For Camarillo it's a given that the debate over a woman’s right to choose must be had at the national level: as it stands, the law does not treat all Mexican women equally.

Fondo Maria, an organization founded last June, tries to mitigate the differences by providing financial and emotional support for women who want to come to Mexico City for an abortion. Last year it brought 50 women to the capital from outlying states, including a 12-year-old girl who had been raped and a 43-year-old woman who hadn’t the resources to raise a child.

“The point is that women are going to keep deciding” regardless of whether abortion is labeled a criminal act, said Oriana Lopez, coordinator of Fondo Maria.

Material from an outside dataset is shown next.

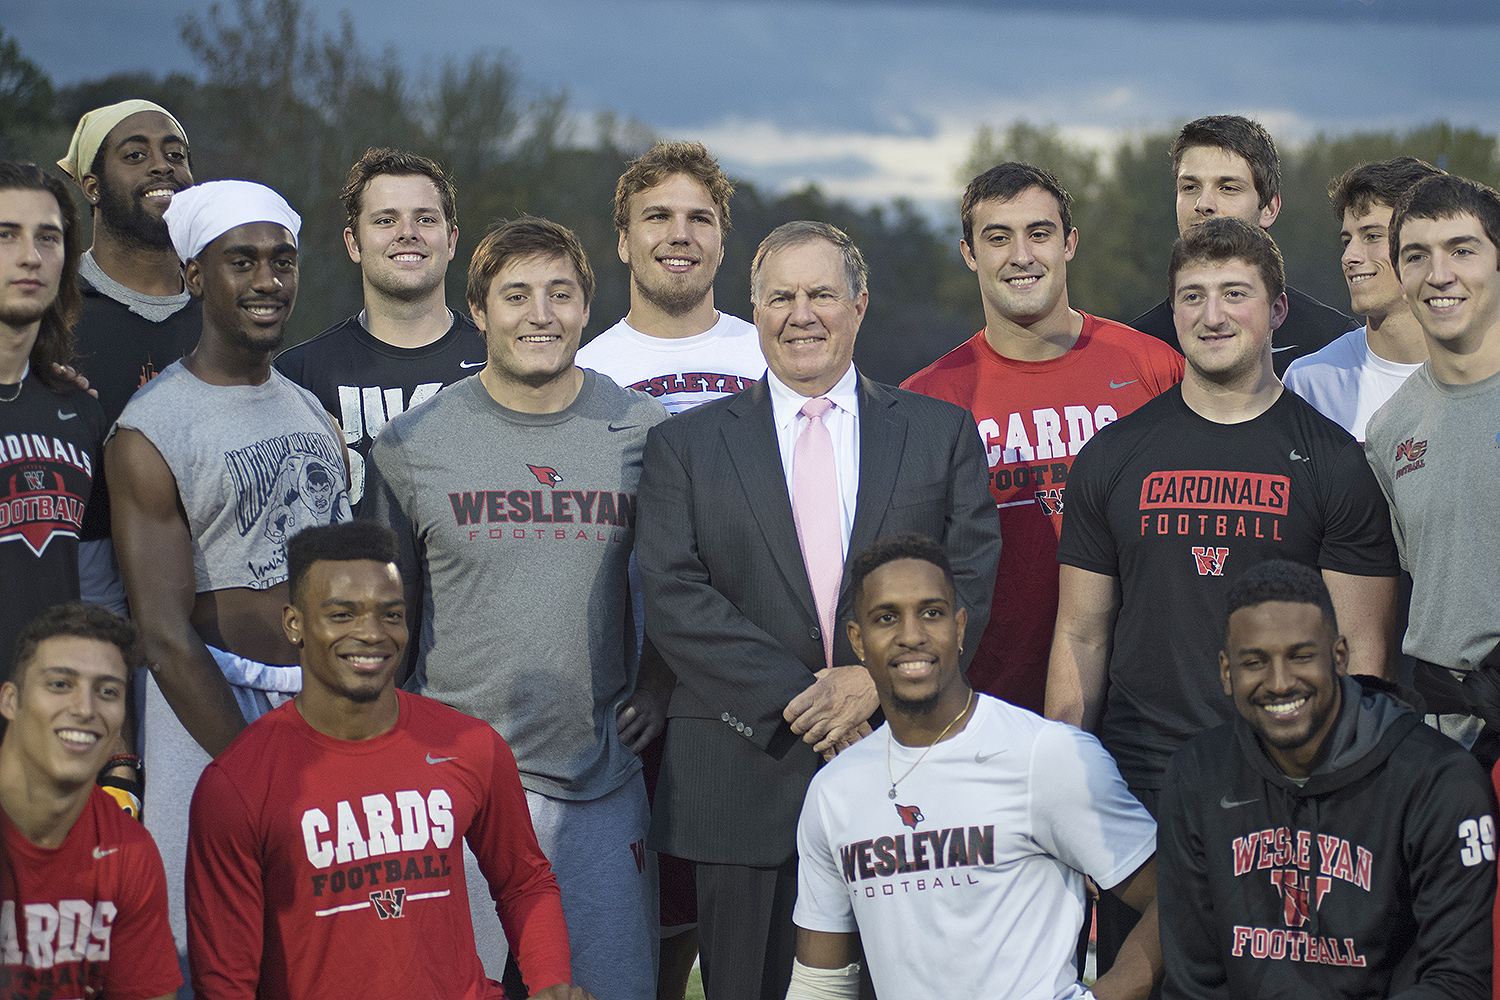 New England Patriots Head Coach Bill Belichick '75 met with members of the Wesleyan football team during the dedication of Belichick Plaza on Nov. 3. 
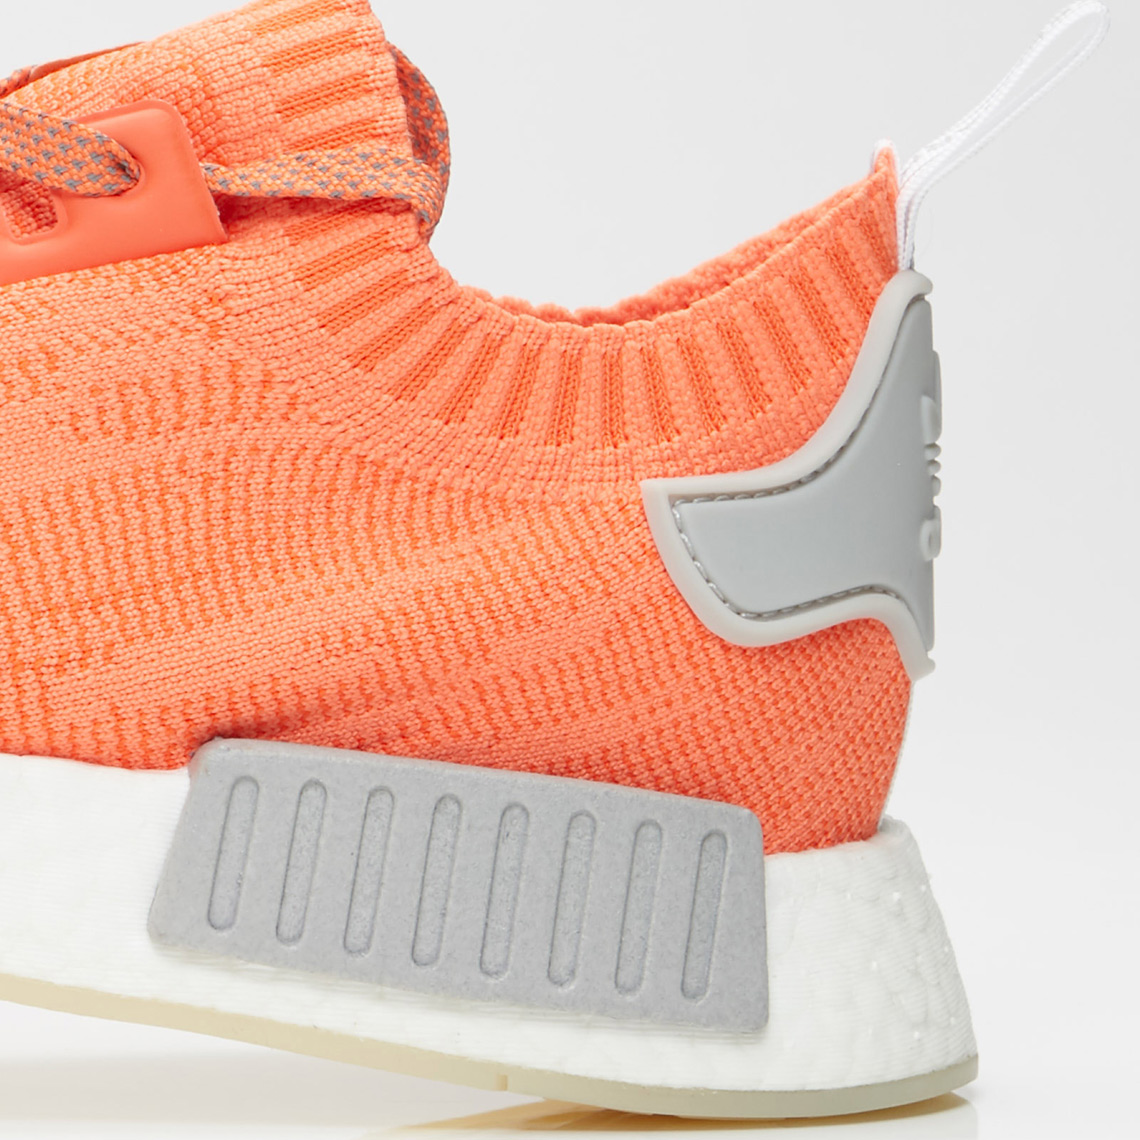 Adidas Nmd R1 Pk Release Info 2

The woman who chose to abort her unplanned pregnancy on her own — and did so in defiance of the law — said she took the pills despite her fears and according to her friend’s indications: three orally, three vaginally. Painful cramps gripped her immediately, and she bled for nearly 20 days.

She survived the abortion without complications. But every year 149,700 women end up hospitalized for problems associated with such unpredictable abortion home remedies and 100 — nearly two per week — die from the clandestine abortions.

“I never thought about whether the law would support me or not,” she said. “I simply decided.”